Reinforced polyamide composition stabilised against weather influences which contains: (a) 40 to 95 parts by weight of polyamide at least 50 wt % of which is semicrystalline polyamide; (b) 5 to 60 parts by weight of reinforcing material; (c) 0.05 to 4 parts by weight of at least of one organic UV stabiliser from the class of hindered amines; and (d) 0.1 to 5 parts of weight of carbon black with an average primary particle size of a least 30 nm.

Description

The invention relates to a reinforced polyamide composition stabilised against weather influences.

Such a composition is known from EP 1,162,236. This document reveals a vehicle-mirror supporting part consisting of 30-90 parts by weight of a mixture of a crystalline and a non-crystalline polyamide and 10-70 parts by weight of a reinforcing material, in which a component has been included that improves the resistance against weather influences and also 0.2 to 5 parts by weight of carbon black. The carbon black has an aggregate particle size of between 65 and 85 nm. The aggregates in carbon black as a rule consist of multiple primary particles. If all aggregates were to consist of only two primary particles, the average size of such primary particles would be at most between 32.5 and 42.5 nm. In practice, however, there will occur not only aggregates of two particles but also those with three or more particles will occur in large numbers so that the average primary particle size will be well below 25 nm.
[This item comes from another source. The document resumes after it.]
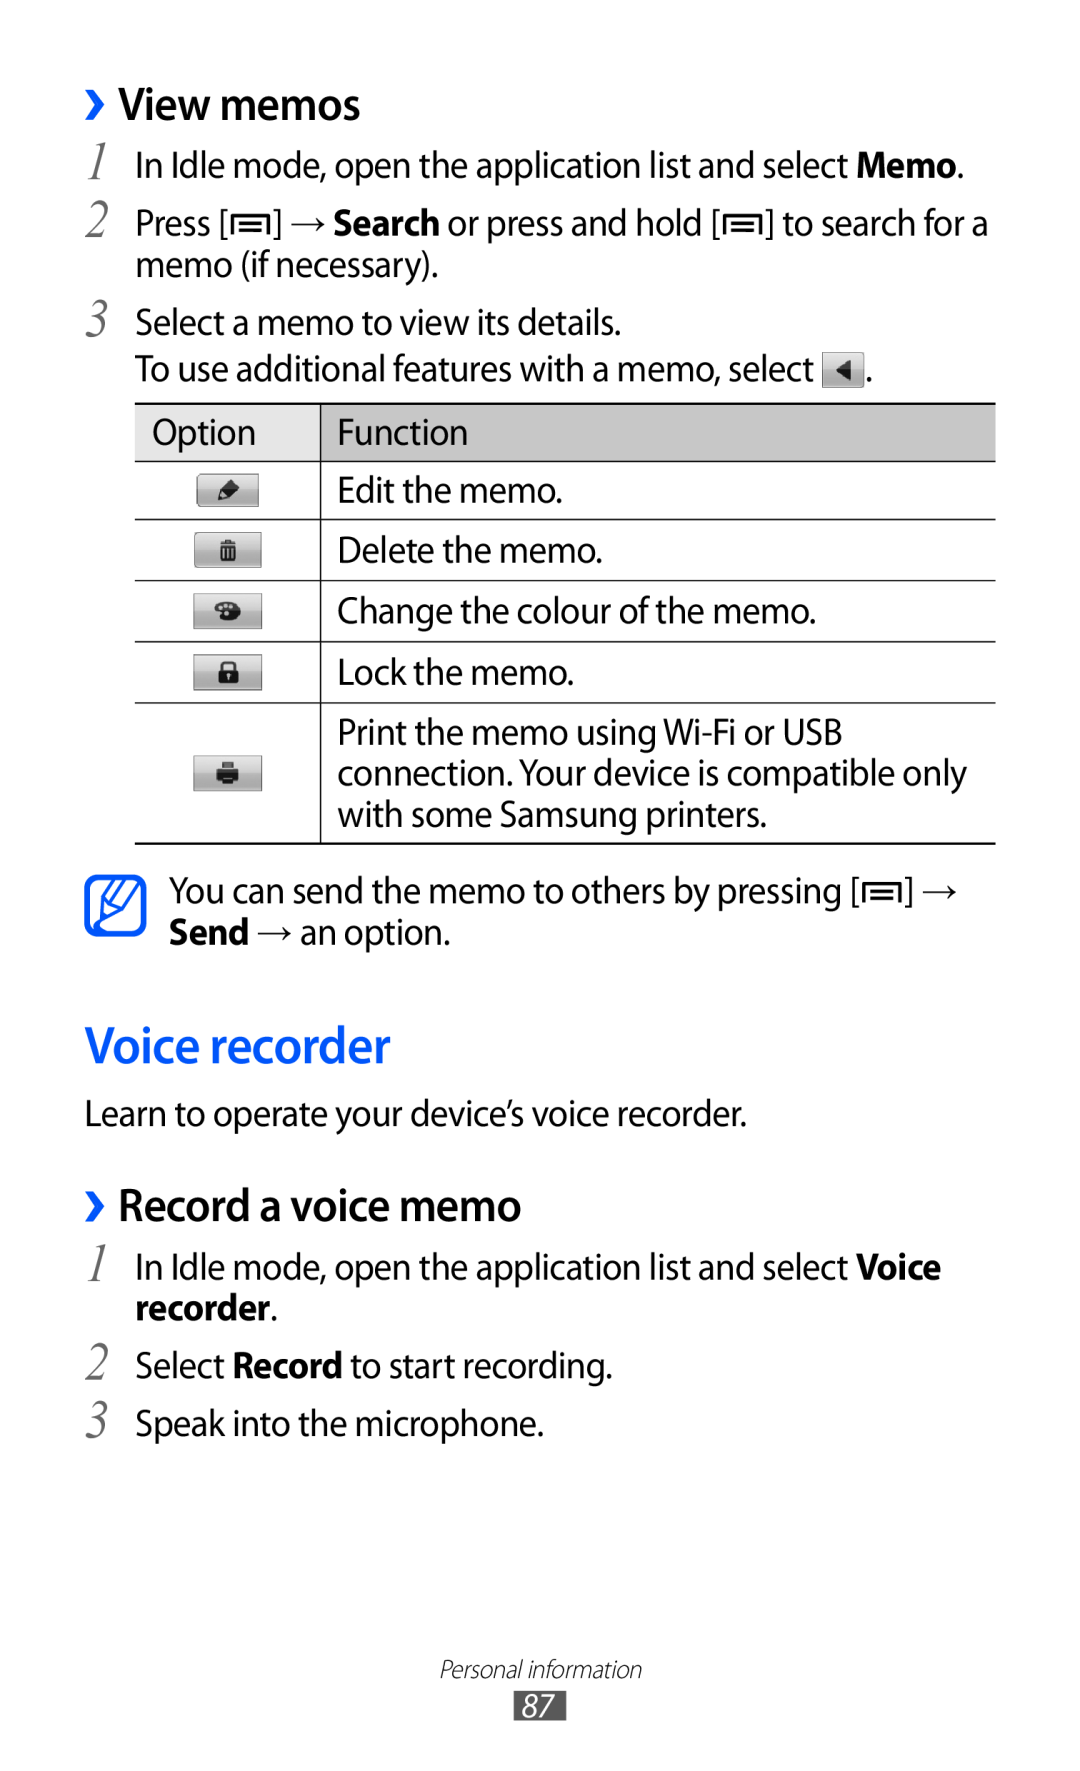 Samsung GT-I9070 user manual Voice recorder, ››View memos, ››Record a voice memo

It has been found that such a composition possesses inadequate resistance to weather influences, in particular to the effects of UV rays, for a number of applications.

The object of the invention is to provide a polyamide composition with superior weather resistance and in particular better UV resistance than the known composition.
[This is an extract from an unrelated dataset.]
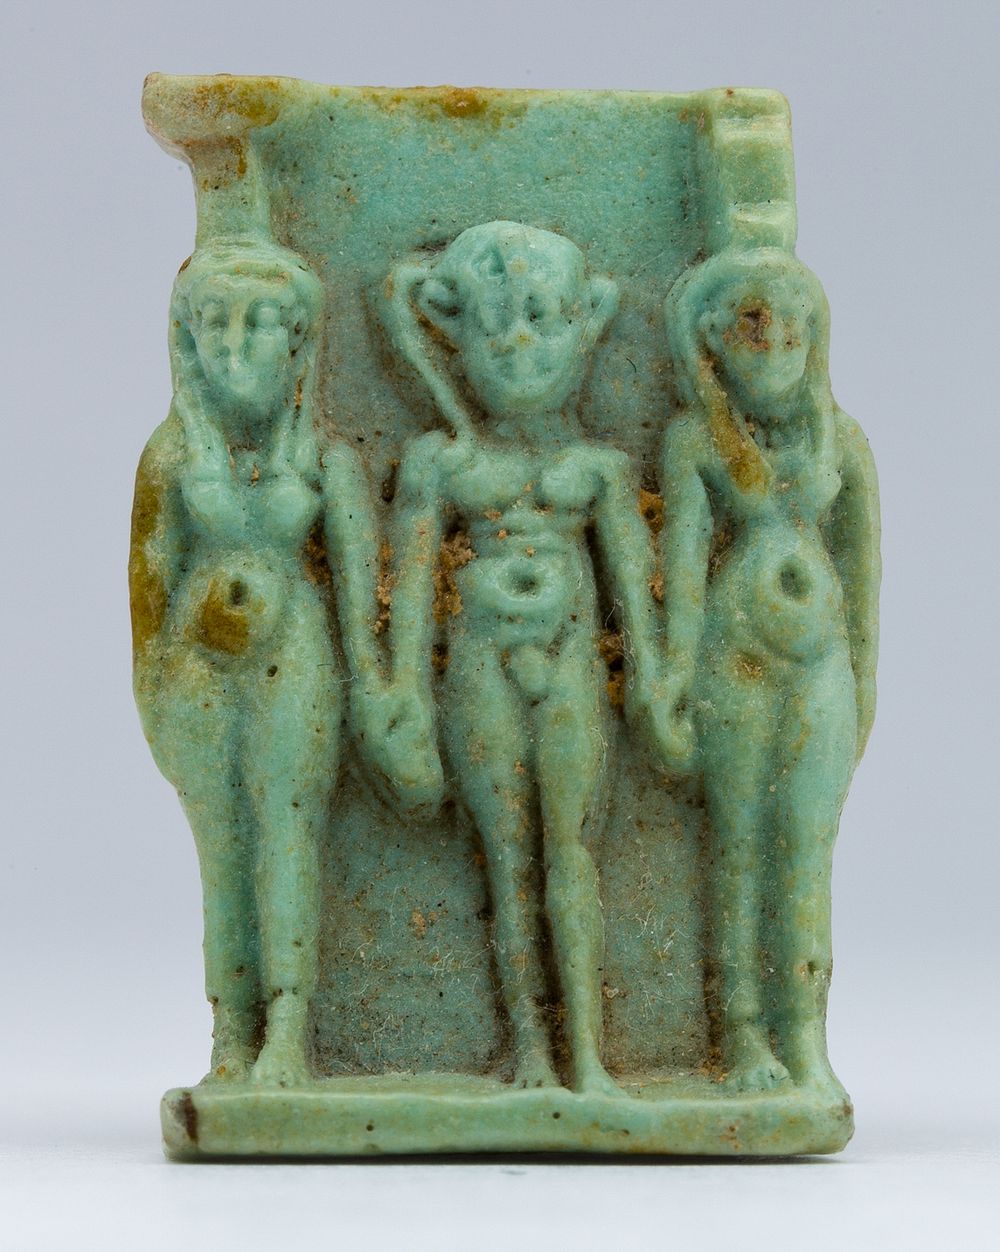 Nephthys, Horus, and Isis Amulet

This object is attained according to the invention in that the composition comprises:

• (a) 40 to 95 parts by weight of polyamide at least 50 wt % of which is semicrystalline polyamide;
• (b) 5 to 60 parts by weight of reinforcing material;
• (c) 0.05 to 4 parts by weight of at least of one organic UV stabiliser chosen from the class of hindered amines; and
• (d) 0.1 to 5 parts by weight of carbon black with an average primary particle size of at least 30 nm.

The composition according to the invention has been found to have better weather resistance and in particular better UV resistance than a comparable composition in which the primary carbon black particles have an average size smaller than 30 nm.
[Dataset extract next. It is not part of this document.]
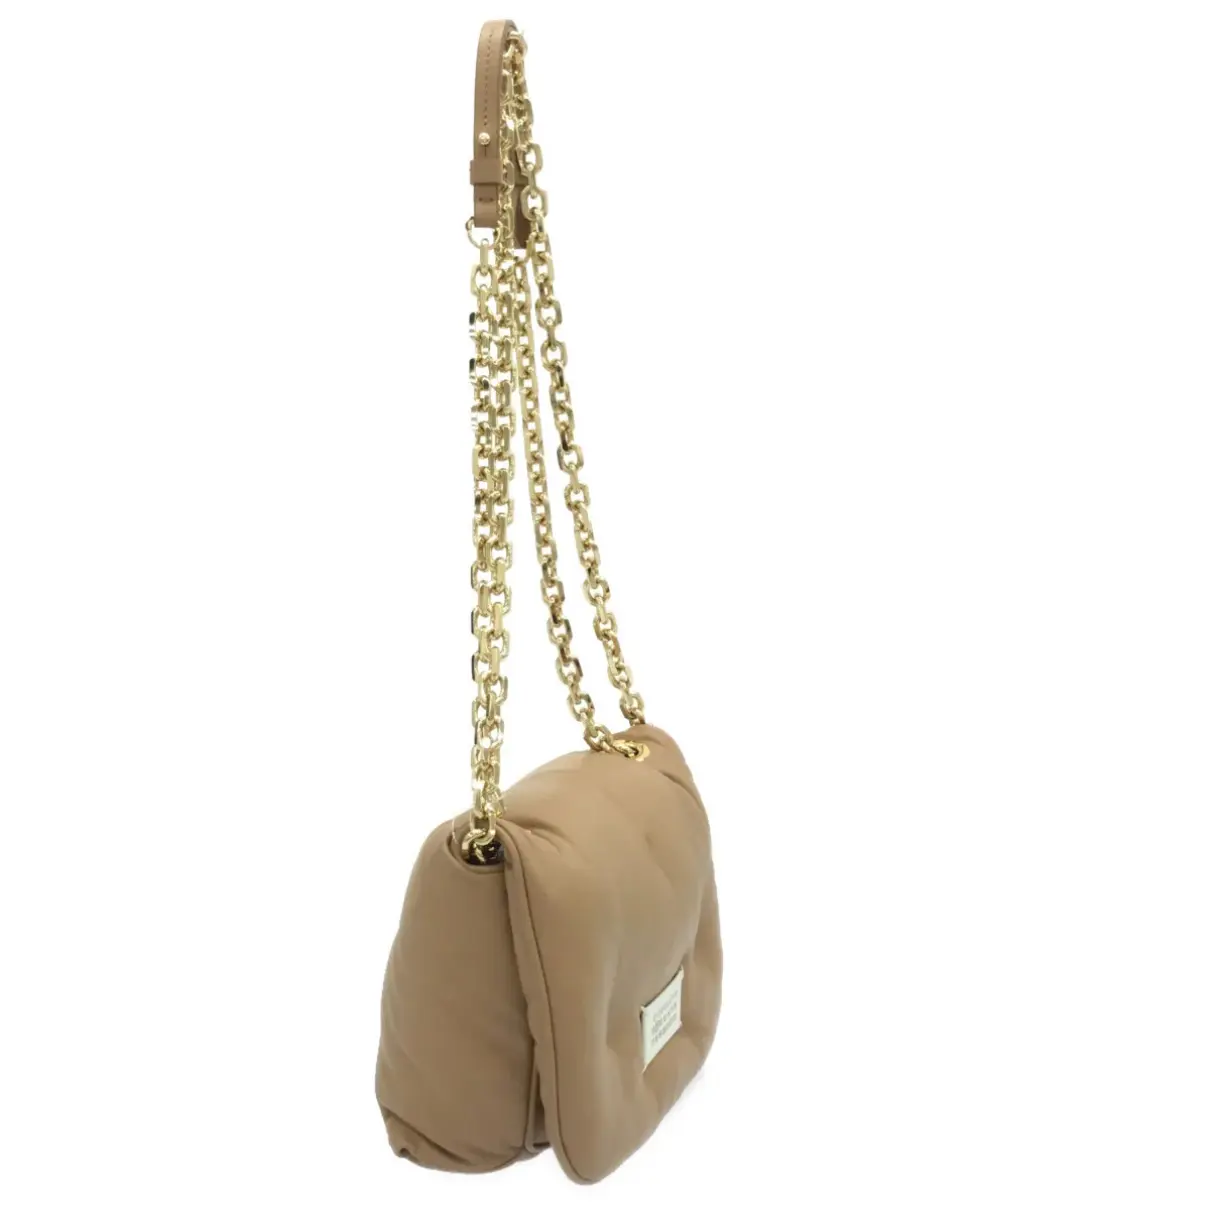 Buy Maison Martin Margiela Glam Slam leather handbag online

The composition contains 40 to 95 parts by weight of a polyamide, preferably 50 to 90 parts by weight. This polyamide is at least 50 wt % semicrystalline polyamide. Suitable semicrystalline polyamides in the framework of the invention are for example aliphatic polyamides, for example PA-6, PA-11, PA-12, PA-4,6, PA-4,8, PA-4,10, PA-4,12, PA-6,6, PA-6,9, PA-6,10, PA-6,12, PA-10,10, PA-12,12, PA-6/6,6-copolyamide, PA-6/12-copolyamide, PA-6/11-copolyamide, PA-6,6/11-copolyamide, PA-6,6/12-copolyamide, PA-6/6,10-copolyamide, PA-6,6/6,10-copolyamide, PA-4,6/6-copolyamide, PA-6/6,6/6,10-terpolyamide and copolyamides formed from 1,4-cyclohexane dicarboxylic acid and 2,2,4- and 2,4,4-trimethyl hexamehtylene diamine, copolyamide formed from isophthalic acid, lauric lactam and 3,5-dimethyl-4,4-diamino-dicyclohexyl methylene, copolyamides formed from isphthalic acid, heptanedicarboxylic acid and/or octane dicarboxylic acid and 4,4-diaminodicyclohexyl methane, copolyamides formed from caprolactam, isophthalic acid and/or terephthalic acid and 4,4-diaminodicyclohexyl methane, copolyamides formed from caprolactam, isophthalic acid and/or terephthalic acid and isophoron diamine, copolyamides formed from isophthalic acid and/or terephthalic acid and/or other aromatic or aliphatic dicarboxylic acids, optionally alkyl-substituted hexamethylene diamine and alkyl substituted 4,4-diaminodicyclohexylamine, and also copolyamides and mixtures of the aforesaid polyamides. Preferably, the semicrystalline polyamide is a PA 6, PA 66, PA 46 or a copolyamide thereof.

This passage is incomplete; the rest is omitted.